Brown himself is facing minimal pressure to score on every possession thanks to a Hawk defense that’s allowing fewer points than ever, a blessing that not every elite QB gets to have.

Festus 56, DeSoto 6

Festus High finds a way to make a statement in its second straight “cupcake” outing of September, getting off to a roaring start against DeSoto’s improved Varsity Dragons, and not allowing Russ Schmidt’s team to hang around for a half as it did against North County the previous Friday. QB Essien Smith is working on piling-up the 25,862 rush yards that The Geek predicted for his senior campaign. However, Smith will need to be sharp through the air against Hillsboro this Friday, given that the Tigers have developed less of a dynamic “rotation” passing game in 2024 than in 2022-23. Coach Ofodile’s young project Parker Perry had a bad night against DeSoto (at least for a kid winning by 50 points), casting doubts on how many times he’ll see the gridiron at Leon Hall.

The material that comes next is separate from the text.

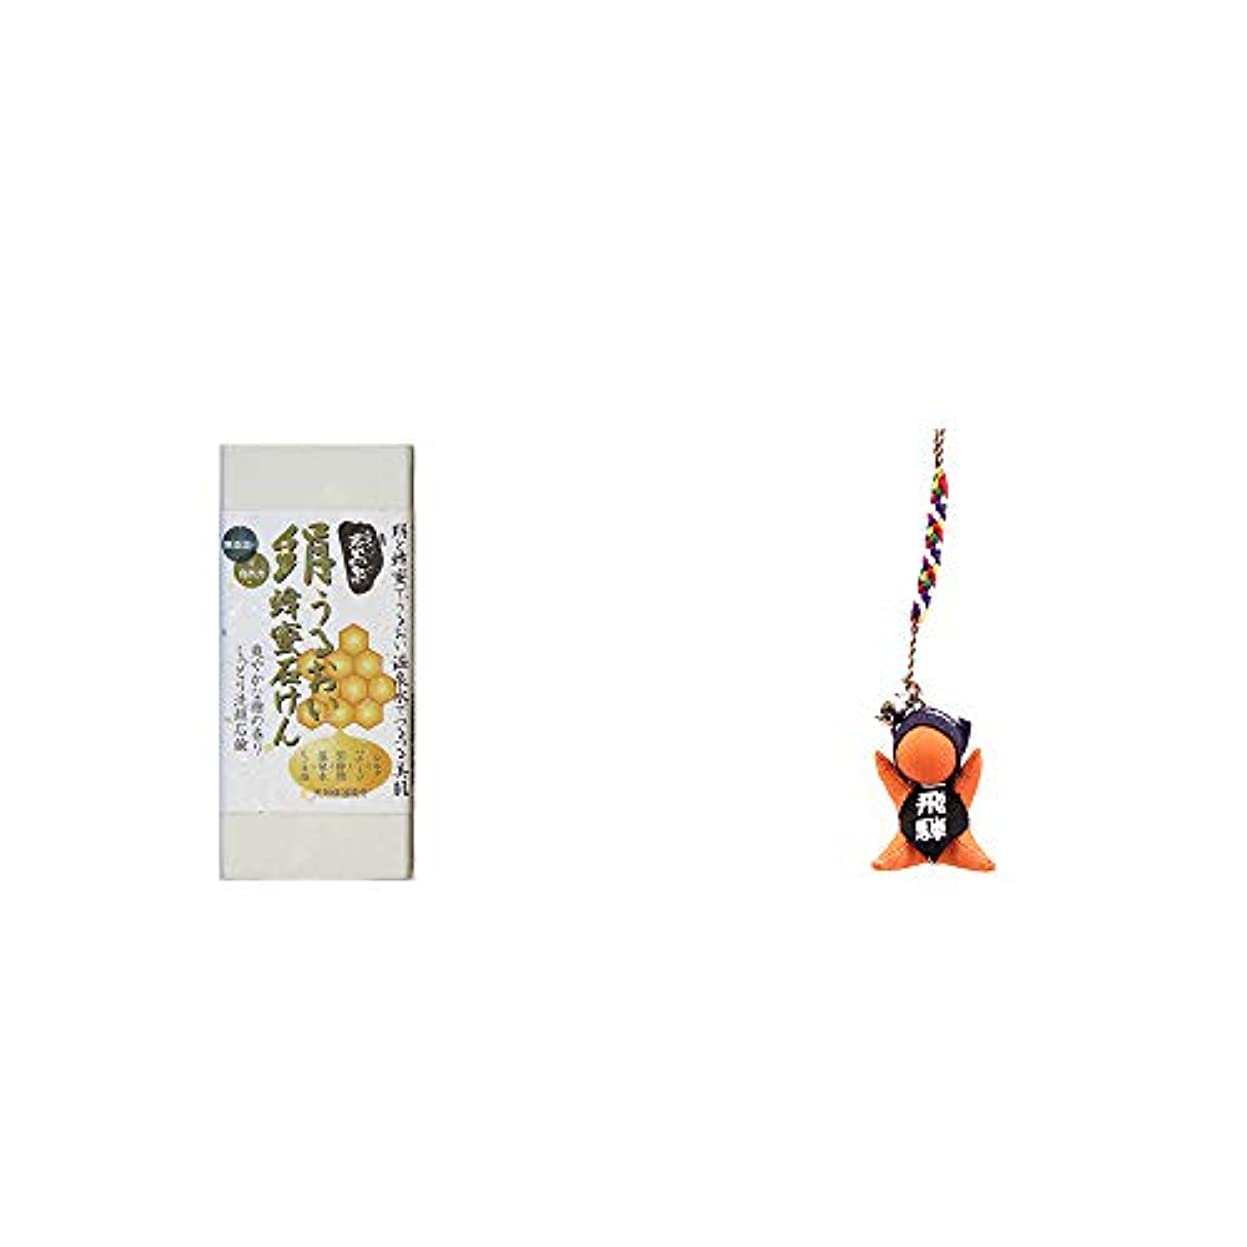 頑丈改善する切手[2点セット] ひのき炭黒泉 絹うるおい蜂蜜石けん(75g×2)?さるぼぼ根付【オレンジ】 / ストラップ 縁結び?魔除け //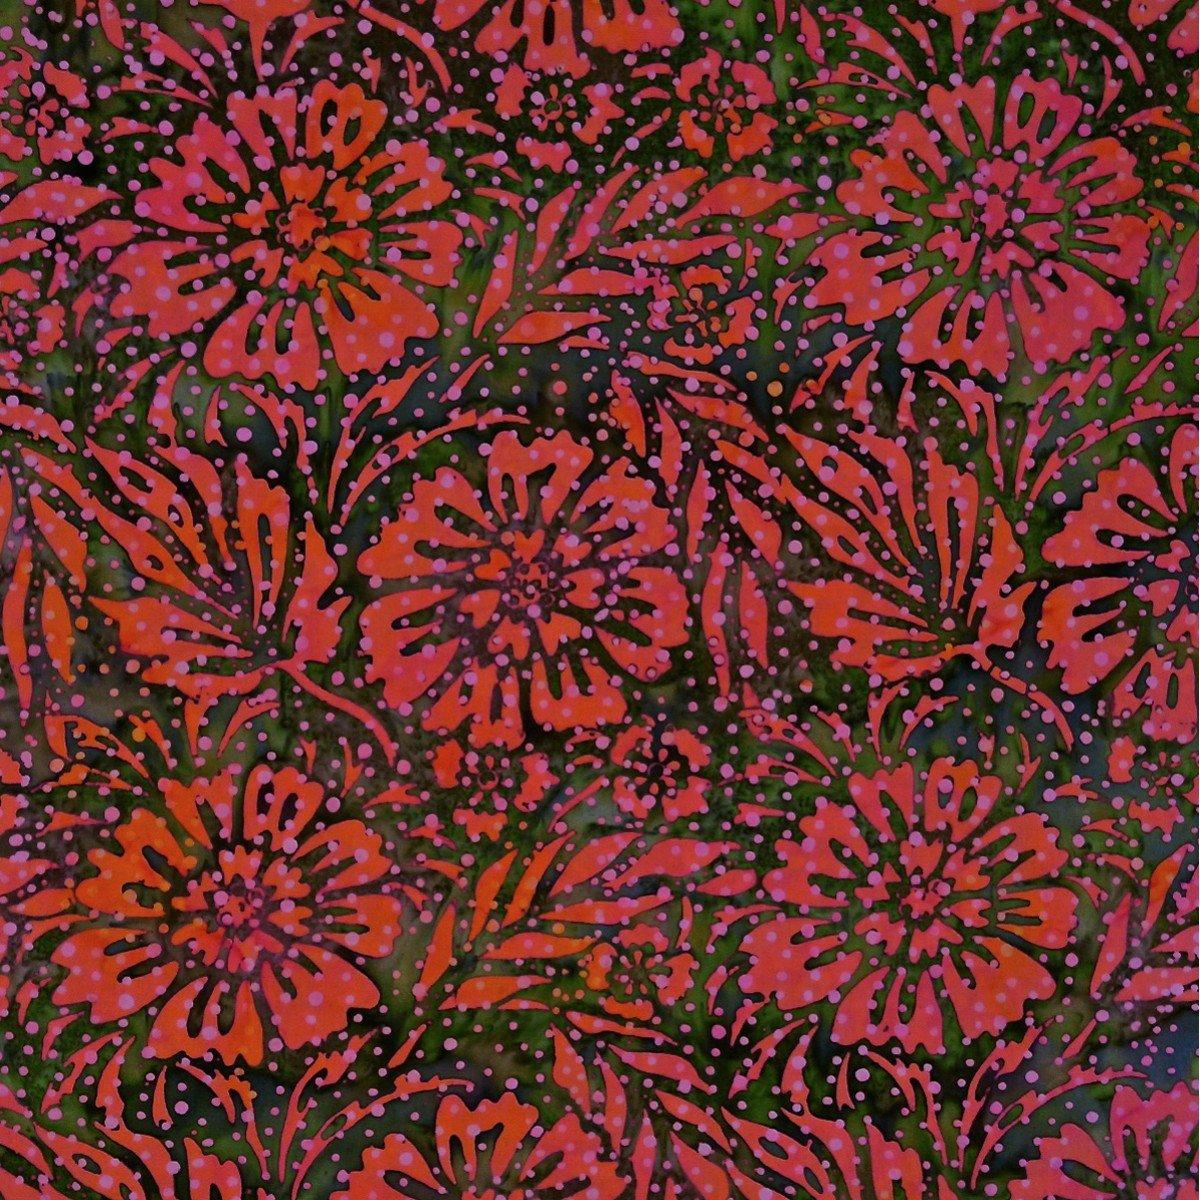 Batik by Mirah - Bazaar - red flowers on green

Confluence 27, Crystal City 16

Well, it’s happened. Crystal City has gone into a bona-fide slump again, going 0-2 in 2 weeks on the home field where nary an opponent had won in the months of November ’22 through August of 2024. Last week, the Hornets were responsible for fumbling-away a lead against Bayless High. On Friday, it was the Sunken Place’s coaches who blew the shot, taking the CCHS offense out of what had been working, and calling exceptionally risky plays at the worst times, almost as if they were calling a practice, and not a game.

CCHS coaches also gave up while within striking distance of a comeback with 1:00 to go, a party foul that angered The Gridiron Geek and may have hurt the morale at 1-3 Crystal City further. CCHS’ special teams had just made a play to give Bradley’s Farm the bean inside the opposing 30, ONE Nolan Eisenbeis TD pass and ONE more special teams play away from a potentially game-saving rally. Adam Sims claiming to be booked-up on the history of Crystal City football is great, but he should probably get some footage of Crystal City’s team from the past 3 years, and see whether they ever quit with a 10-or-so point deficit late in a game. (Hint: No they didn’t.) It’s almost as if Sims wanted to “protect” just an 11-point loss against Class 4. Northwest didn’t have nearly the field position as Crystal City did when down by 9+ points at the end of Friday’s bout, but NHS tried to win – in thrilling style – instead of handing-off and trudging off the field.

The bright side is that Crystal City is still standing #3 in a 9-up Class 1 District, as the division goes through the syndrome that MAC Standings go through early in each college year when the conference is playing the Power-5. Losing to Class 4 in the regular season doesn’t hurt a Class 1 program’s standing that badly, and hosting a Week 11 quarterfinal is still a goal in sight. There’s a lot more weeks ahead for CCHS to recover from this slump as opposed to the Weeks 7-9 slump of 2023, and just think of how that turned out. We simply hope that Crystal City scouts ITSELF as much as its scouts Gateway Tech going into Week 5.

Windsor 34, Clayton 32

Elevator…WHA? Windsor fares poorly and nearly blows its Homecoming Game (this happens when you schedule them at weird times of the year, people!!!) against one of the worst Large School programs of STL in the 2020s. It’s hard to tell if WHS has done enough to stay ahead of Herky in Week 5’s Power Poll.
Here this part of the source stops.